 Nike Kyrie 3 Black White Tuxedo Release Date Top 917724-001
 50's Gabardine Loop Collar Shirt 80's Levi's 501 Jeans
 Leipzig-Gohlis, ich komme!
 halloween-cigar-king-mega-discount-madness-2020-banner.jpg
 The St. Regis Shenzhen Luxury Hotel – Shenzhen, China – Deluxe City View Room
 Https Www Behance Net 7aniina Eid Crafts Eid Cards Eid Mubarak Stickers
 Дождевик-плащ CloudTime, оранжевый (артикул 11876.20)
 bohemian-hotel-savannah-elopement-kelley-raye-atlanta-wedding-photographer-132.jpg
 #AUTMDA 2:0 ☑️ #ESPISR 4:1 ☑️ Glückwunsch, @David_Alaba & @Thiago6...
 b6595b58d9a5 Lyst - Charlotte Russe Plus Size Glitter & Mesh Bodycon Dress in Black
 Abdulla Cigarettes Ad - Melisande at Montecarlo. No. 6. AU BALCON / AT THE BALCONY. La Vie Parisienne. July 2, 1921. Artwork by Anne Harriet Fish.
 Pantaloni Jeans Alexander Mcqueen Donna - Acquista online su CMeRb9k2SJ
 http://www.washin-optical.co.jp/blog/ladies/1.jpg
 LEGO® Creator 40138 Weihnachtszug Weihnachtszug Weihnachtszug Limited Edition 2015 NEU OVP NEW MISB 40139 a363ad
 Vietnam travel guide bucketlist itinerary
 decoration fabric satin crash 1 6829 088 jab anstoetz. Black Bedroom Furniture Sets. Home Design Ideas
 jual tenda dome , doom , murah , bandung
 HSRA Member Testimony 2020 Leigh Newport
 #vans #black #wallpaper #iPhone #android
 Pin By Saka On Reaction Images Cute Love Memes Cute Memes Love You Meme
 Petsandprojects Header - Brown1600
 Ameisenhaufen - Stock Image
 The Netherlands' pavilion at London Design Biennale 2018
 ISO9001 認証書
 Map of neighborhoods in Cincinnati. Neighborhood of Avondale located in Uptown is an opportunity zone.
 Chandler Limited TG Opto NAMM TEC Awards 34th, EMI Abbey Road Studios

*Work to complete*: Please retype the records above starting with the line that contains "Pantaloni Jeans Alexander" and stopping after the last line, changing nothing.

*Solution to this problem*:
 Pantaloni Jeans Alexander Mcqueen Donna - Acquista online su CMeRb9k2SJ
 http://www.washin-optical.co.jp/blog/ladies/1.jpg
 LEGO® Creator 40138 Weihnachtszug Weihnachtszug Weihnachtszug Limited Edition 2015 NEU OVP NEW MISB 40139 a363ad
 Vietnam travel guide bucketlist itinerary
 decoration fabric satin crash 1 6829 088 jab anstoetz. Black Bedroom Furniture Sets. Home Design Ideas
 jual tenda dome , doom , murah , bandung
 HSRA Member Testimony 2020 Leigh Newport
 #vans #black #wallpaper #iPhone #android
 Pin By Saka On Reaction Images Cute Love Memes Cute Memes Love You Meme
 Petsandprojects Header - Brown1600
 Ameisenhaufen - Stock Image
 The Netherlands' pavilion at London Design Biennale 2018
 ISO9001 認証書
 Map of neighborhoods in Cincinnati. Neighborhood of Avondale located in Uptown is an opportunity zone.
 Chandler Limited TG Opto NAMM TEC Awards 34th, EMI Abbey Road Studios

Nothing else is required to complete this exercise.